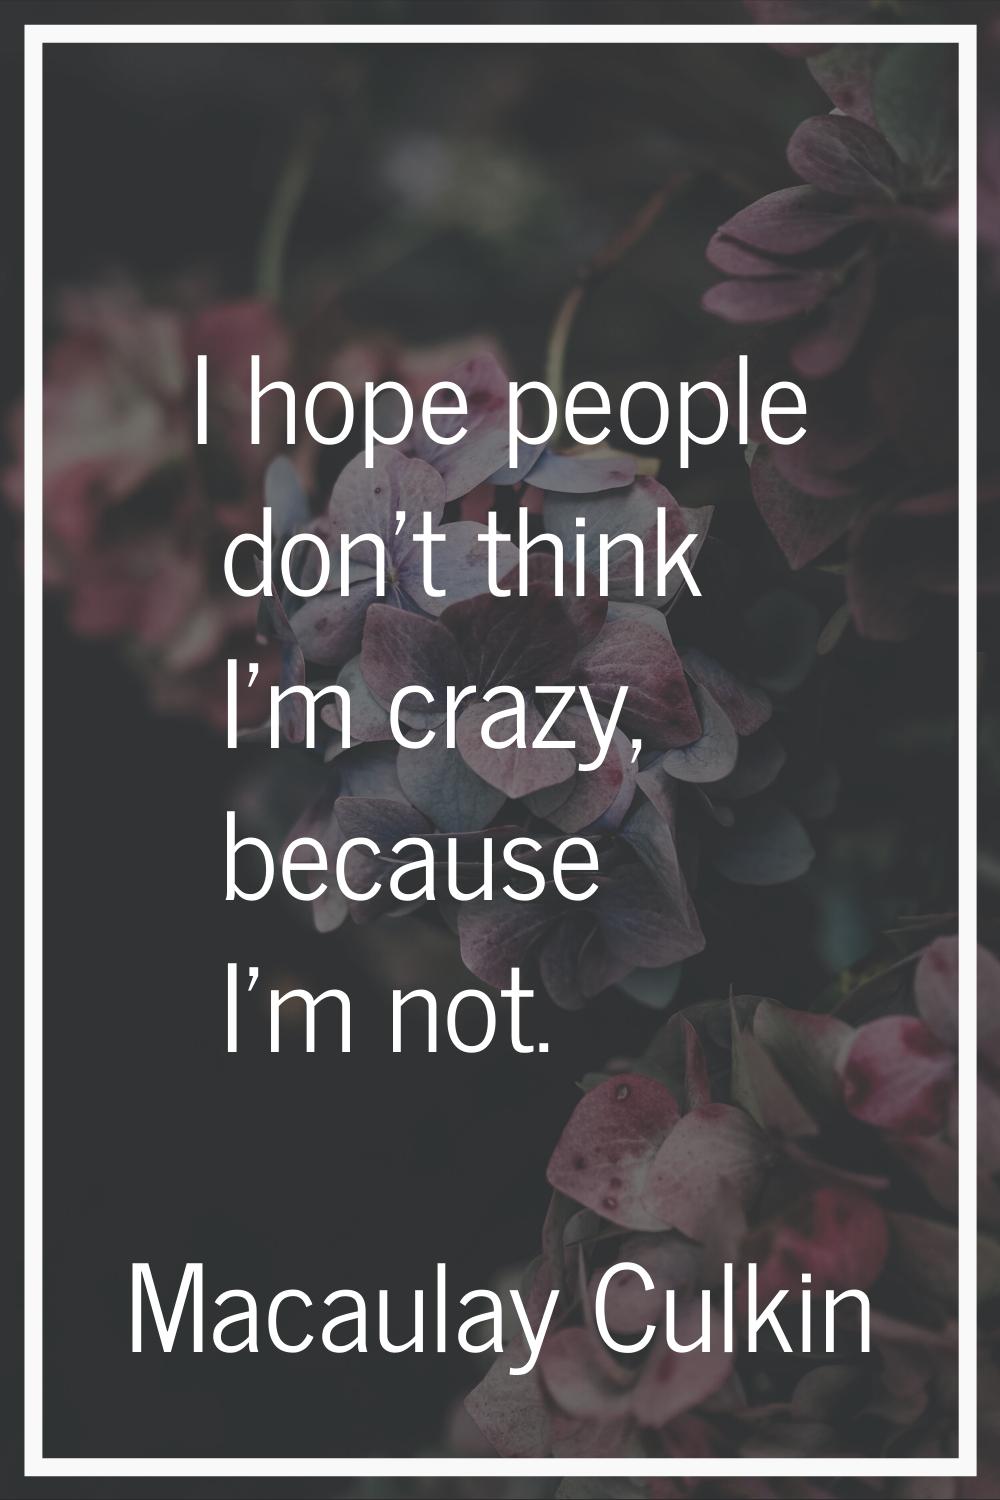 I hope people don't think I'm crazy, because I'm not.
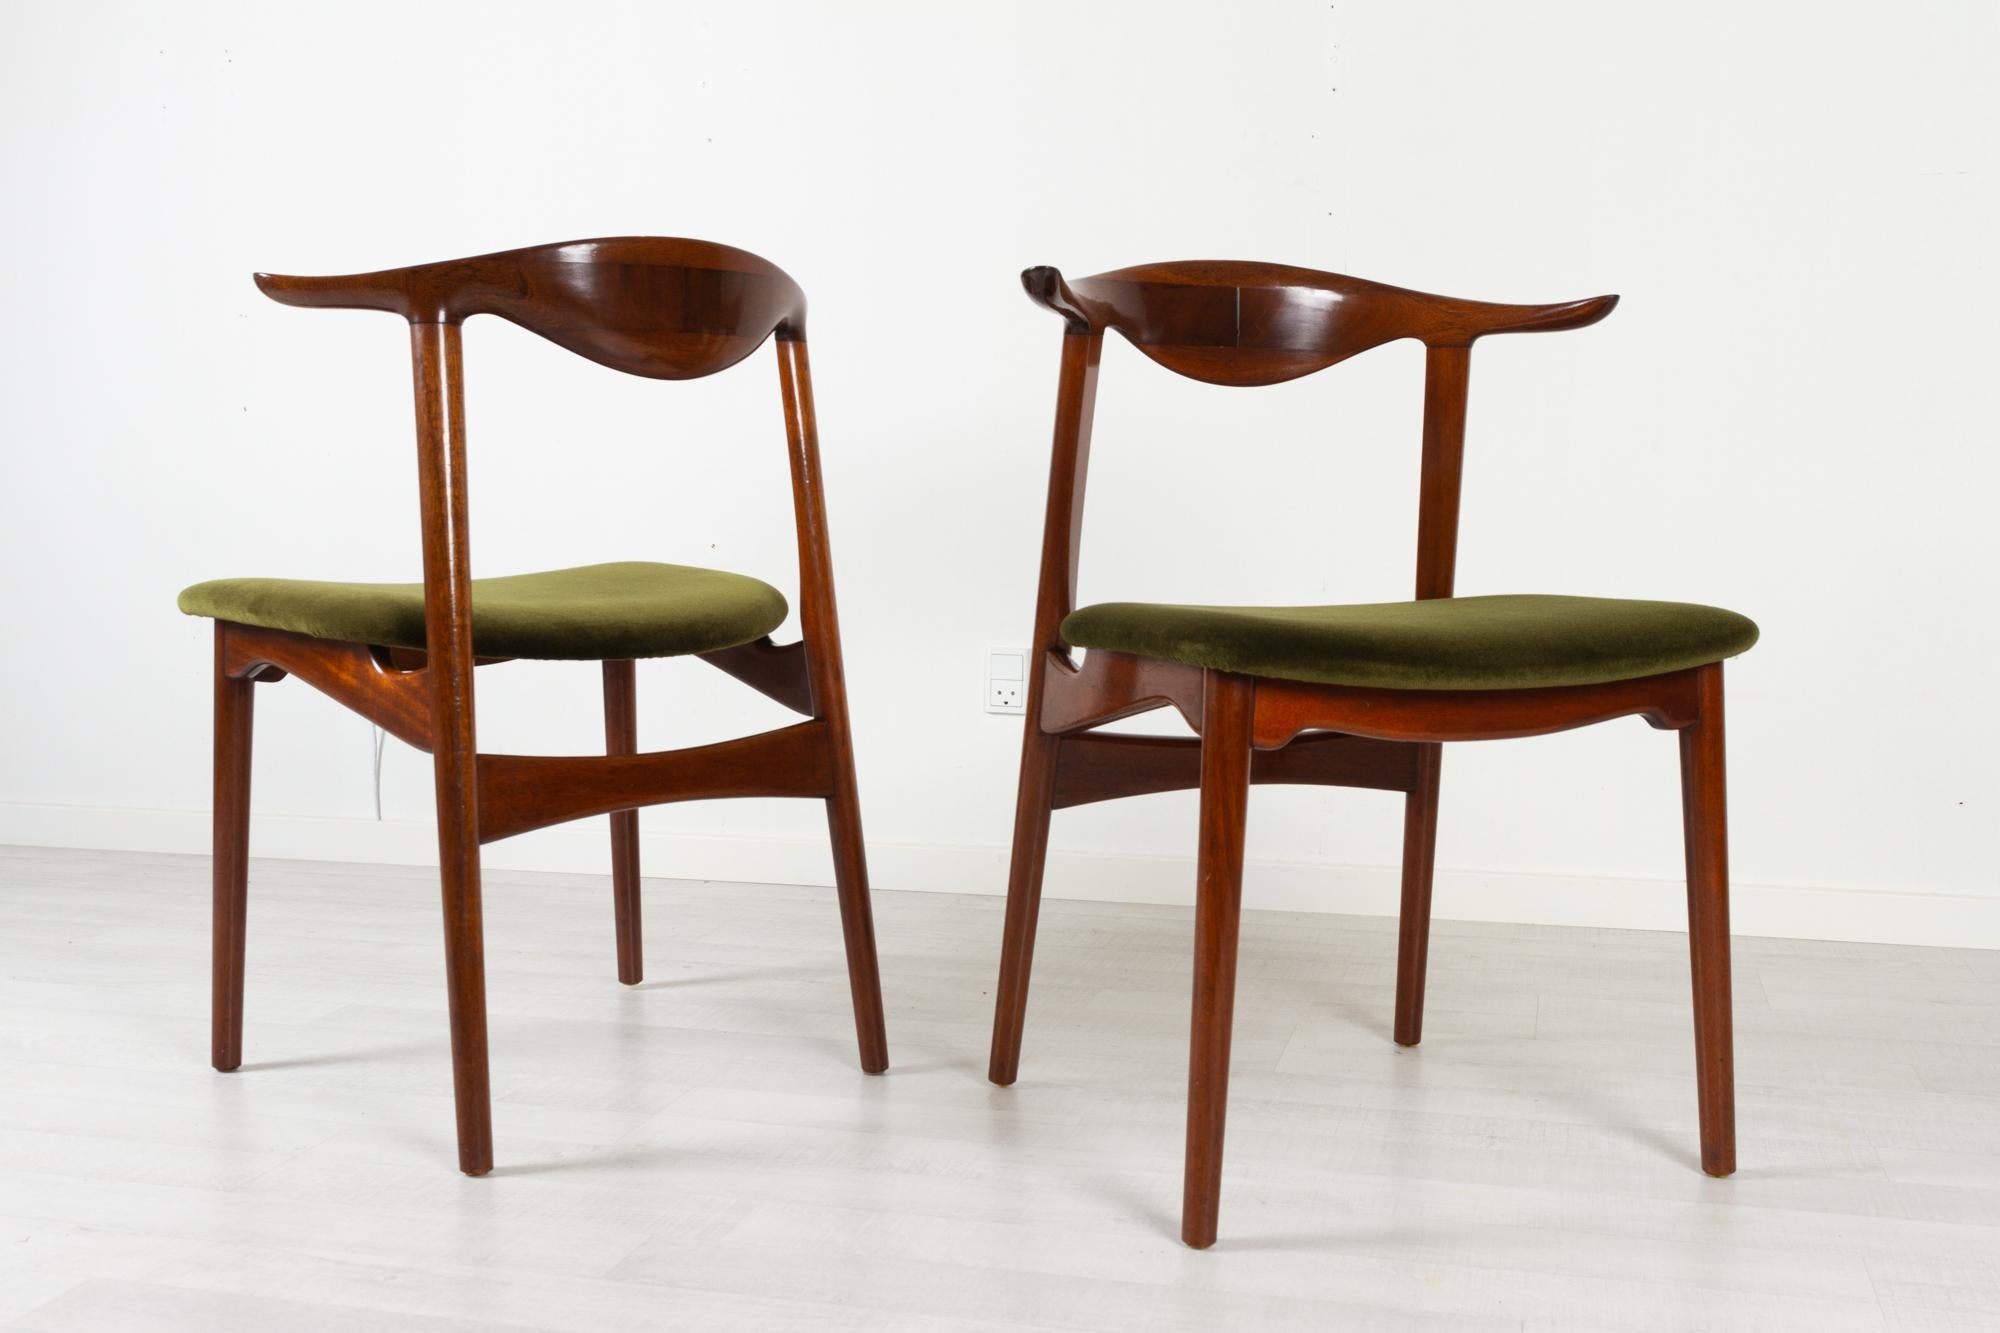 Vintage Danish Mahogany Cowhorn Chairs 1940s, Set of 6 For Sale 5
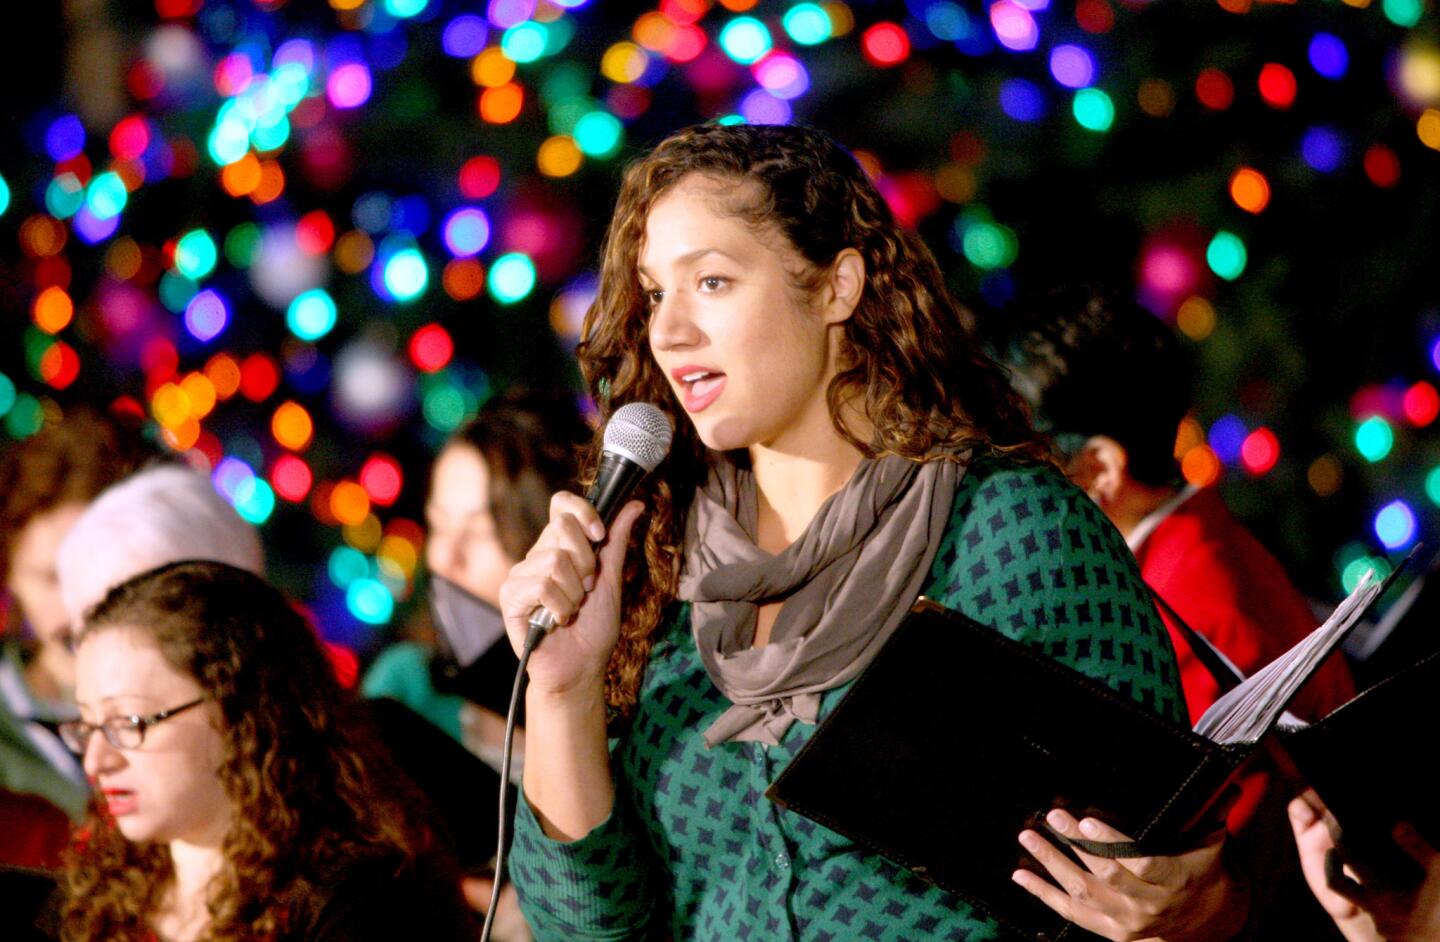 Erica McNeil and the rest of the Nestlé Choir sang Christmas songs at the tree lighting ceremony at Perkins Plaza in Glendale on Wednesday, Dec. 2, 2015.
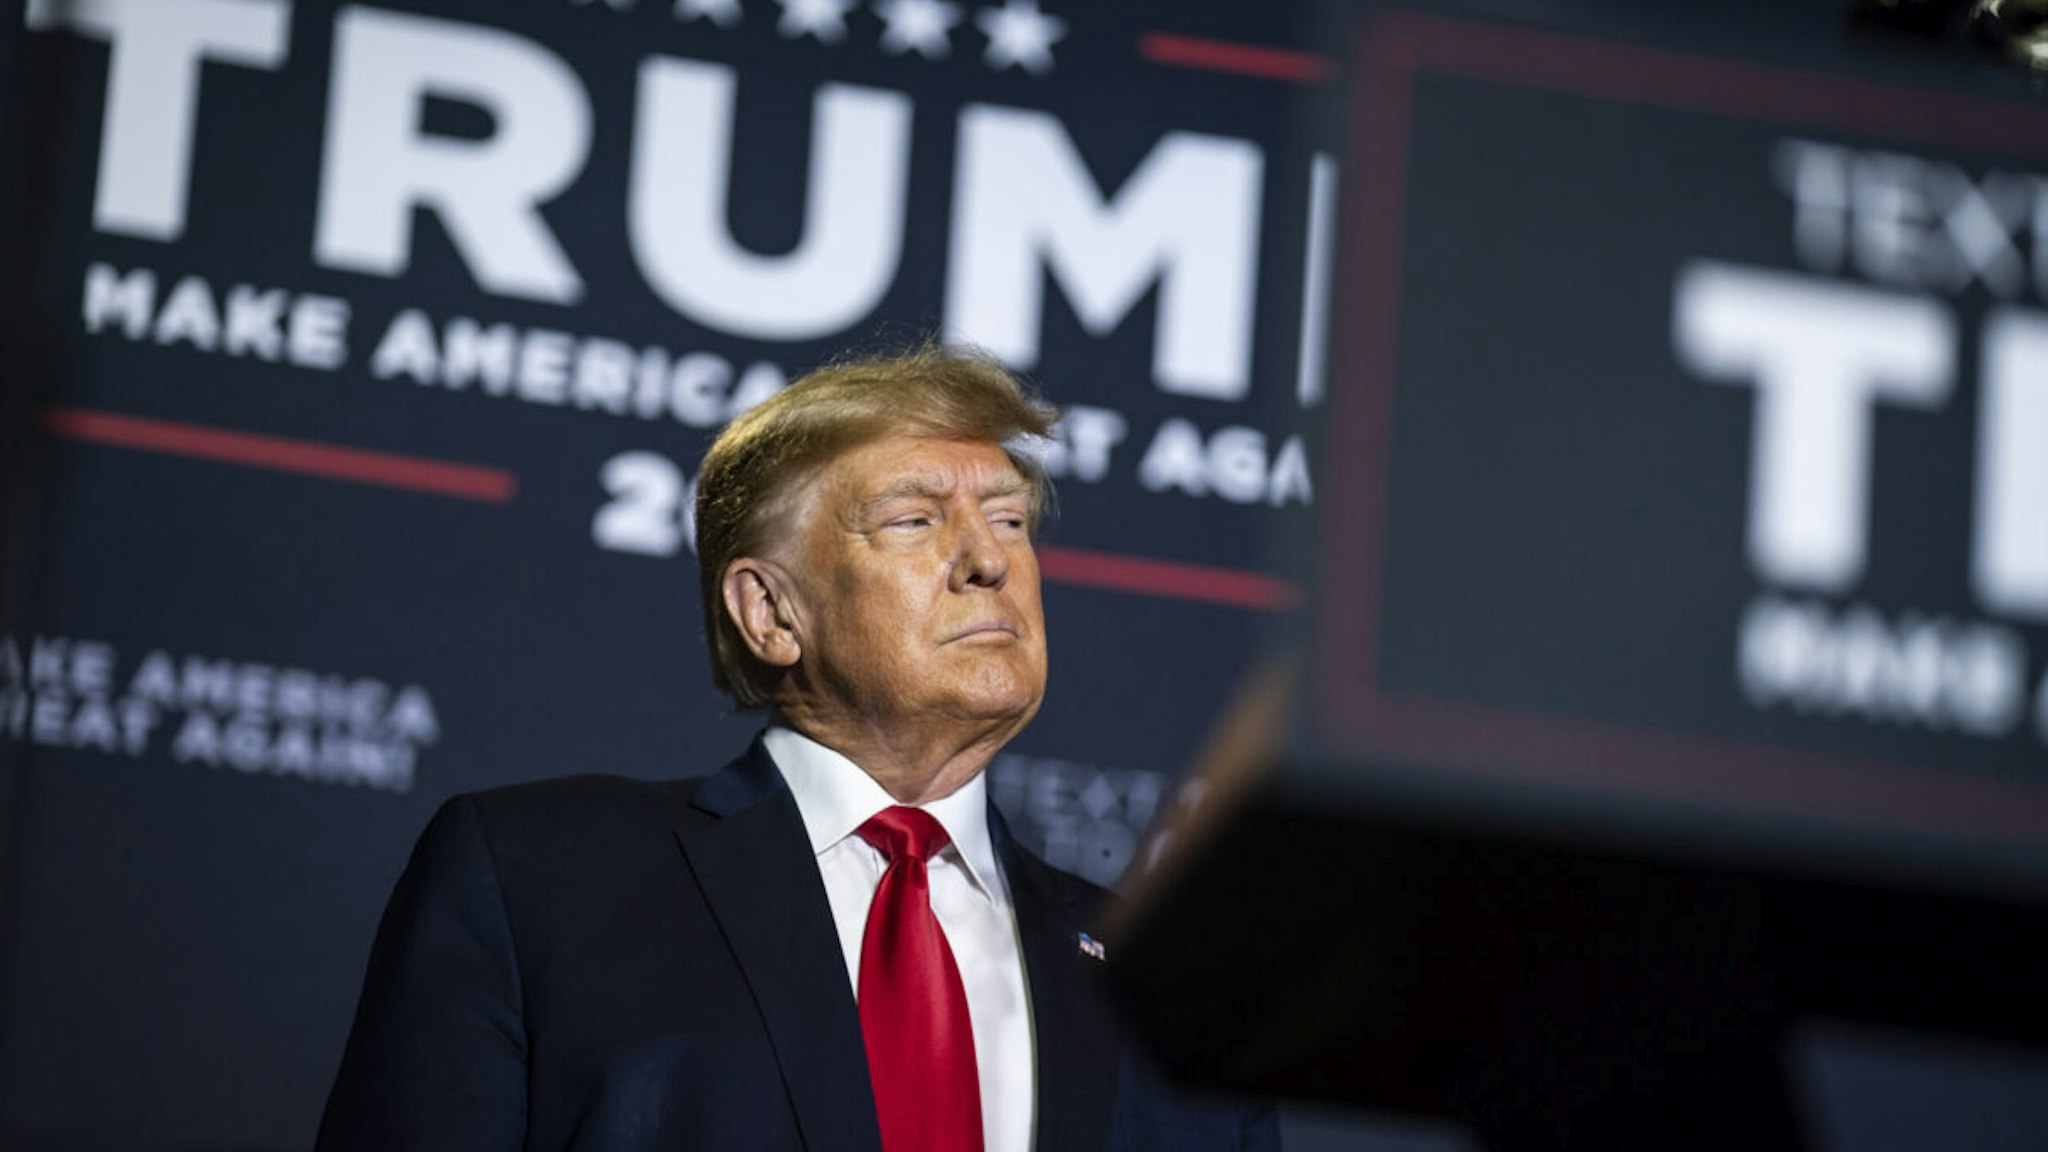 Former President Donald Trump speaks at a campaign event at the DoubleTree Manchester Downtown on Thursday, April 27, 2023, in Manchester, NH.

Instructions to follow = Retype the full listing above precisely. Exclude each picture you find in it.

Result for this task =
 I hope people don't think I'm crazy, because I'm not.
 Vintage Danish Mahogany Cowhorn Chairs 1940s, Set of 6 For Sale 5
 Erica McNeil and the rest of the Nestlé Choir sang Christmas songs at the tree lighting ceremony at Perkins Plaza in Glendale on Wednesday, Dec. 2, 2015.
 Former President Donald Trump speaks at a campaign event at the DoubleTree Manchester Downtown on Thursday, April 27, 2023, in Manchester, NH.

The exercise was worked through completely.